A staining method to visualize chromosomal locations of rDNA for gene expression and tumor diagnosis.

FISH

A technique to attach molecular probes with a fluorescent signal to unravel the DNA of chromosomes.

Centromere

The part of a chromosome that separates the long and short arms.

Trisomy 21

A genetic disorder with an extra chromosome 21, causing Down syndrome.

Turner Syndrome

A condition where a female is wholly or partially missing an X chromosome.

Klinefelter Syndrome

A condition where a male is born with an extra X chromosome.

Deletion

A chromosomal abnormality involving the loss of a part of the chromosome.

Duplication

A chromosomal abnormality involving the repetition of a segment of the chromosome.

Inversion

A chromosomal abnormality involving the reversal of the normal order of a segment of the chromosome.

Substitution

A chromosomal abnormality involving the replacement of one segment of a chromosome with another segment.

Translocation

A chromosomal abnormality involving the transfer of a segment from one chromosome to another.

Angelman Syndrome

A genetic disorder characterized by developmental delays, speech problems, and a happy, excitable demeanor.

Williams Syndrome

A genetic condition characterized by developmental delays, heart and blood vessel problems, and a highly social, outgoing personality.

BCR-ABL1 Translocation

A chromosomal abnormality where pieces of BCR and ABL genes break off and switch places, indicative of chronic myeloid leukemia (CML).

Microdeletion

A chromosomal abnormality involving the deletion of a small piece of a chromosome.

Philadelphia Chromosome

A specific genetic change in which part of chromosome 22 switches places with part of chromosome 9, indicative of chronic myeloid leukemia (CML).

Cytogenetic Imbalances

Abnormalities in the number or structure of chromosomes, detectable using microarray technology.

Microarray

A genetic testing tool used to detect small cytogenetic imbalances in an individual's DNA.

Karyotype

A visual arrangement of the complete set of chromosomes of an individual, used to identify chromosomal abnormalities.

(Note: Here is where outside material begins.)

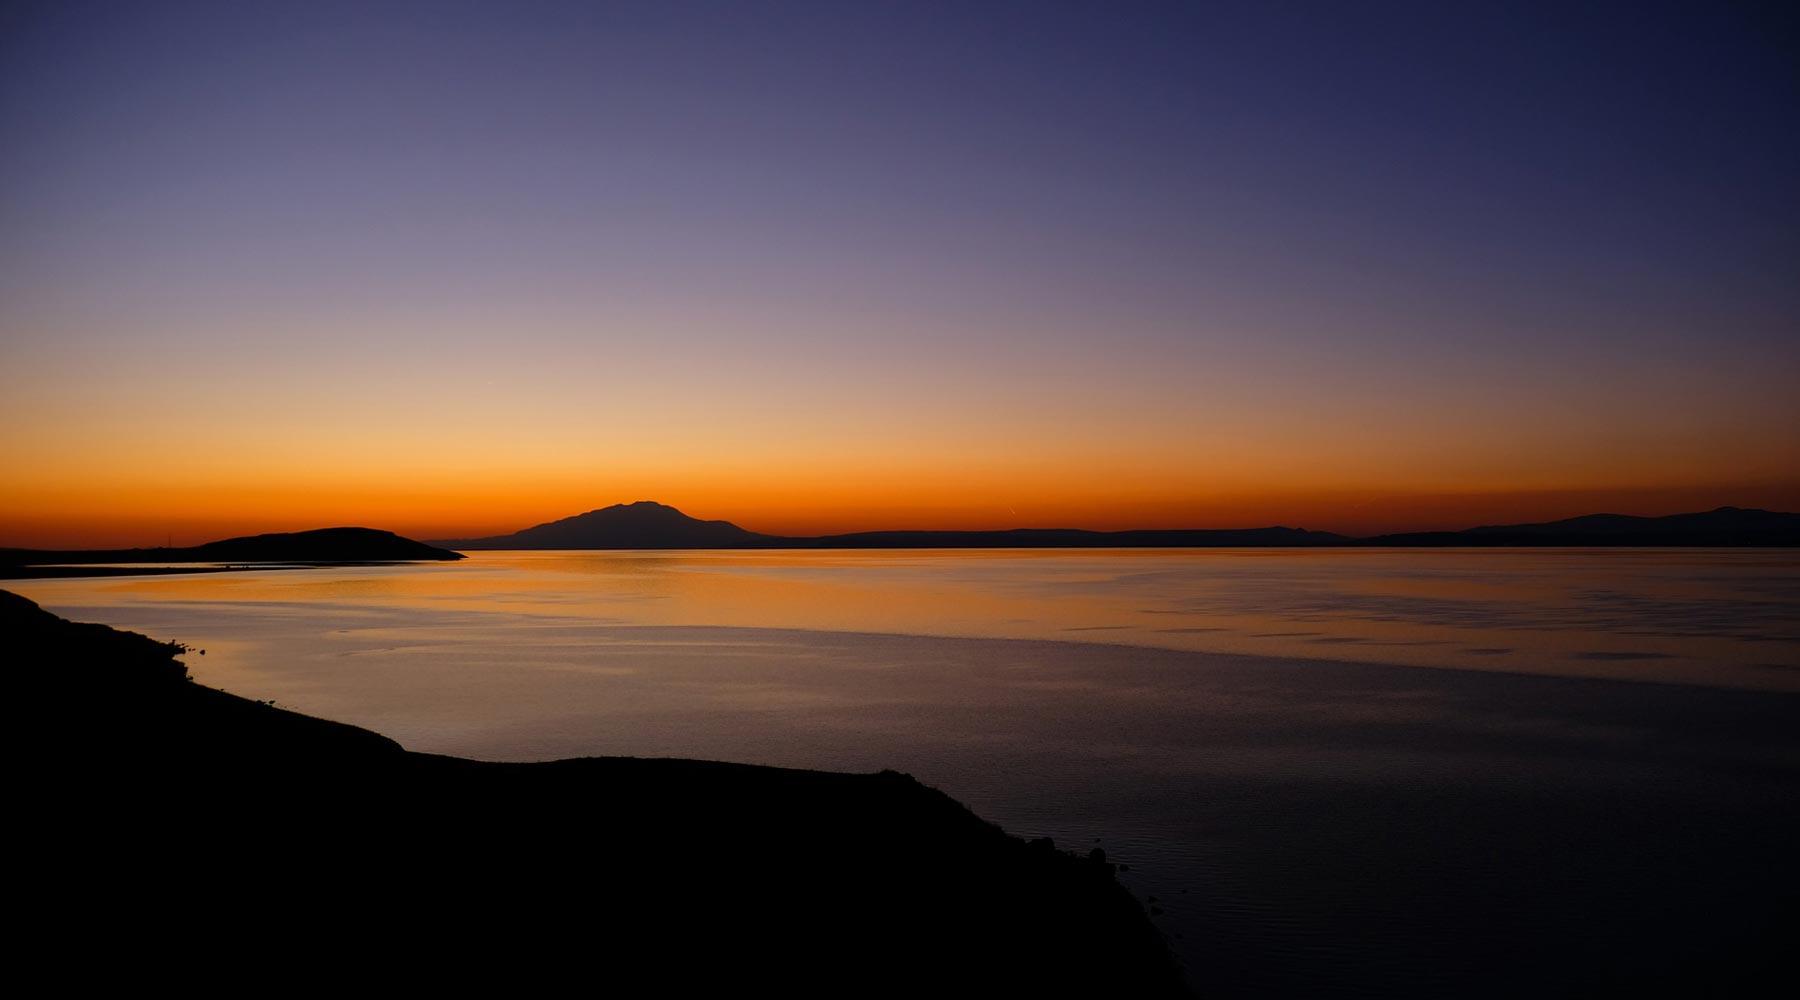 Lake Van – The Largest Lake in Turkey

Cytogenetics Lab Techniques

A series of activities including culturing, inducing cell division, harvesting, analyzing, evaluating, and utilizing molecular and fluorescent technologies to identify chromosomal abnormalities.

Interpretation of Cytogenetic Results

The process of reviewing cytogenetic and molecular cytogenetic research results by a specialist before releasing them to clinicians.

Cytogenetics

The study of the structure and function of chromosomes, including the detection of chromosomal abnormalities.

Interactive Karyotyping

An interactive tool used to analyze and interpret karyotypes for educational or diagnostic purposes.